The second work in this short season is still unaccountably a great rarity, Puccini's La Rondine.  This wonderful and much under-rated piece has never yet been performed in Edinburgh, though Opera North's first staging was taken to Aberdeen back in 2006 and the Conservatoire presented it beautifully in Glasgow in 2014.  La Rondine could be seen on Wednesday and Friday.  Once again it came across as an underrated piece - superb chorus and orchestra under Oliver Rundell, once Scottish Opera's chorus master.  The leading couple, Galina Averina and Sébastian Guèze, were unfamiliar but quite excellent, and it was good to meet up again with Elgan Llýr Thomas as Prunier. 

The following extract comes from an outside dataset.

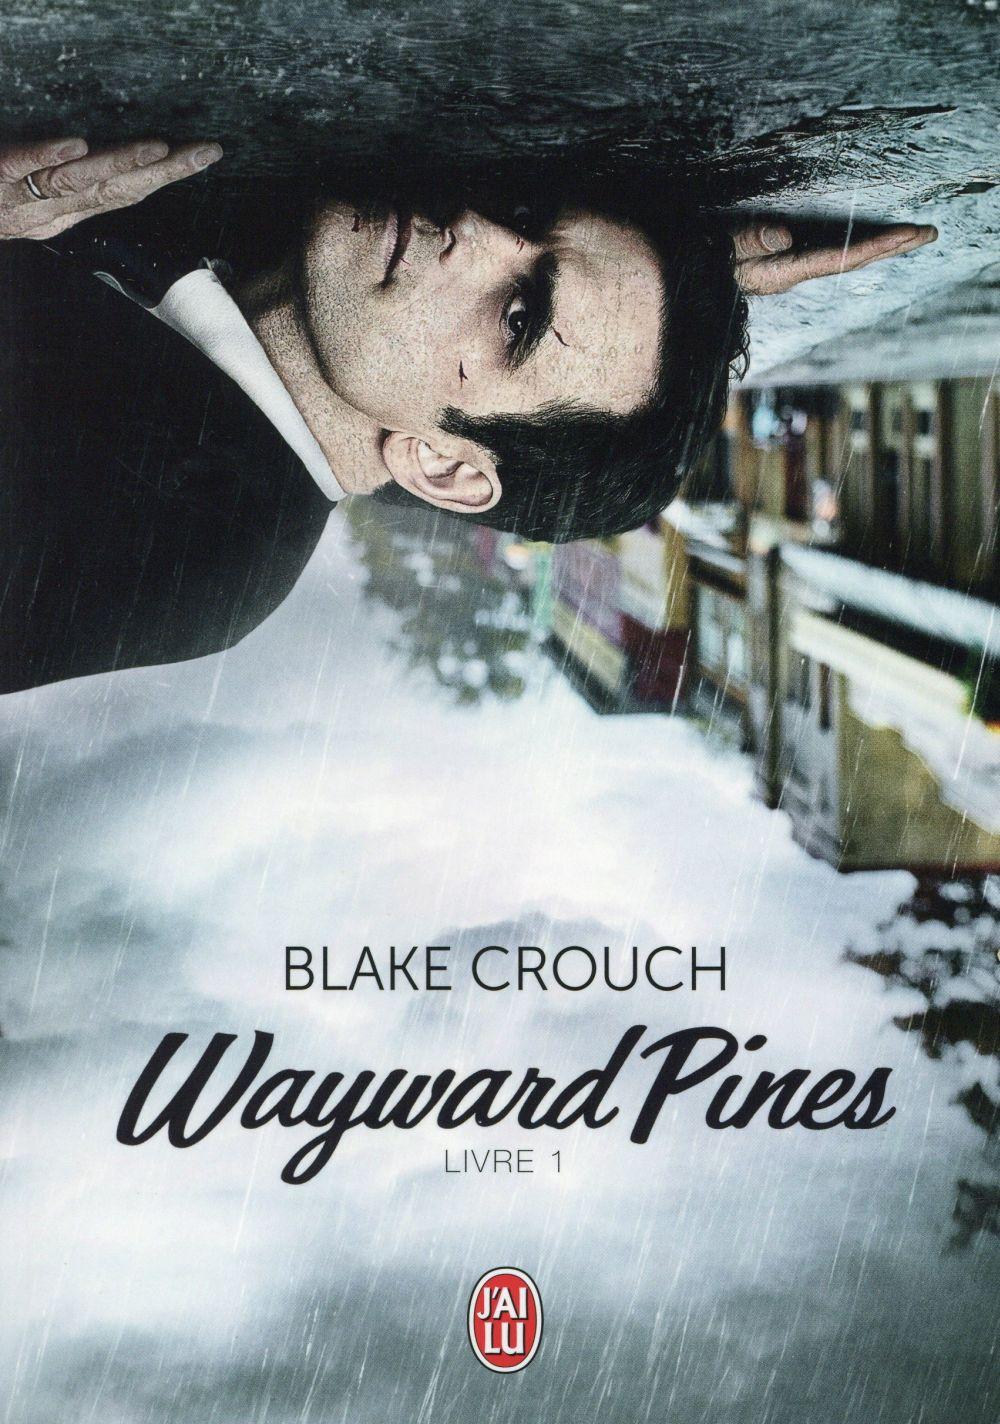 Wayward pines t. 1
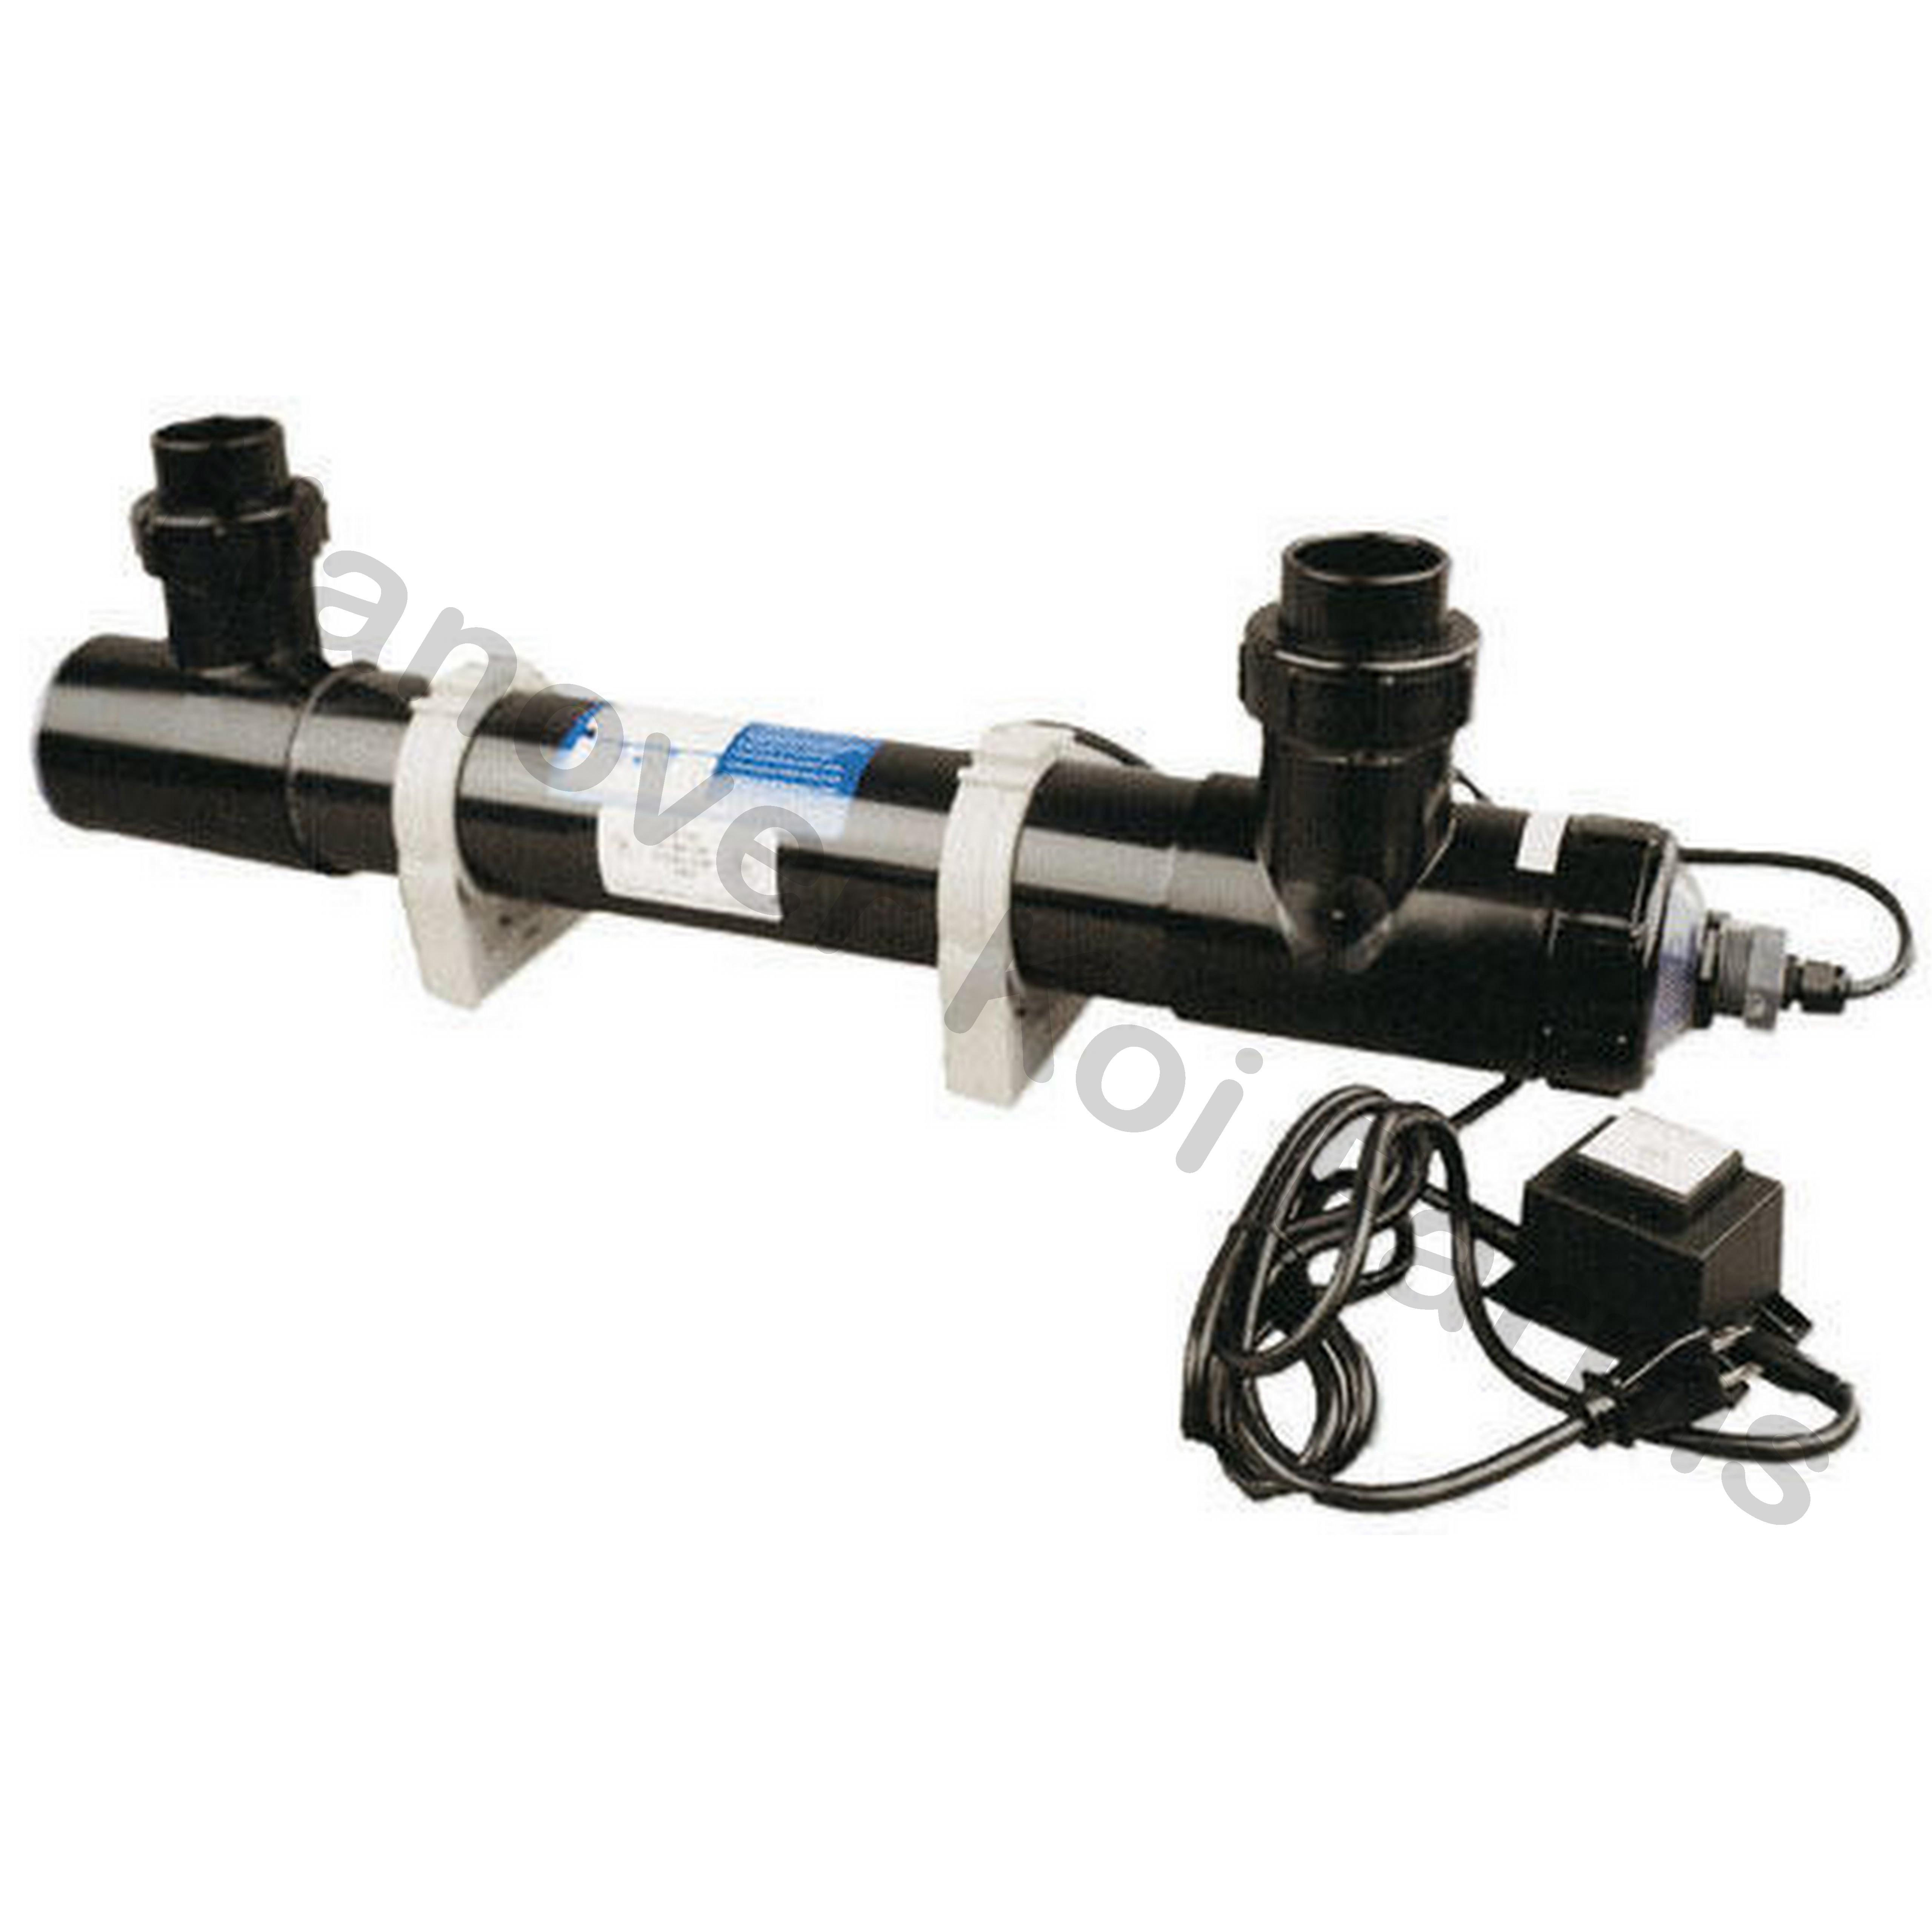 Pond uv light 25 watt emperor sterilizer series eu25 u for Uv light for koi pond

The third work on the tour, with a single performance on Saturday, was a complete novelty entitled The Masque of Might. An evening of superb music by Henry Purcell had been arranged by that great and most enterprising of directors, Sir David Pountney.  While some of it was familiar, neither of the most famous operas, Dido or King Arthur was pillaged. The plot was admittedly thin, with a strong environmental element, but it held together and sounded excellent. 

For this the superb conductor was Harry Bicket, now a regular at the Met and elsewhere, but remembered still from his excellent work on Scottish Opera-Go-Round's Gluck Orfeo all of thirty years ago.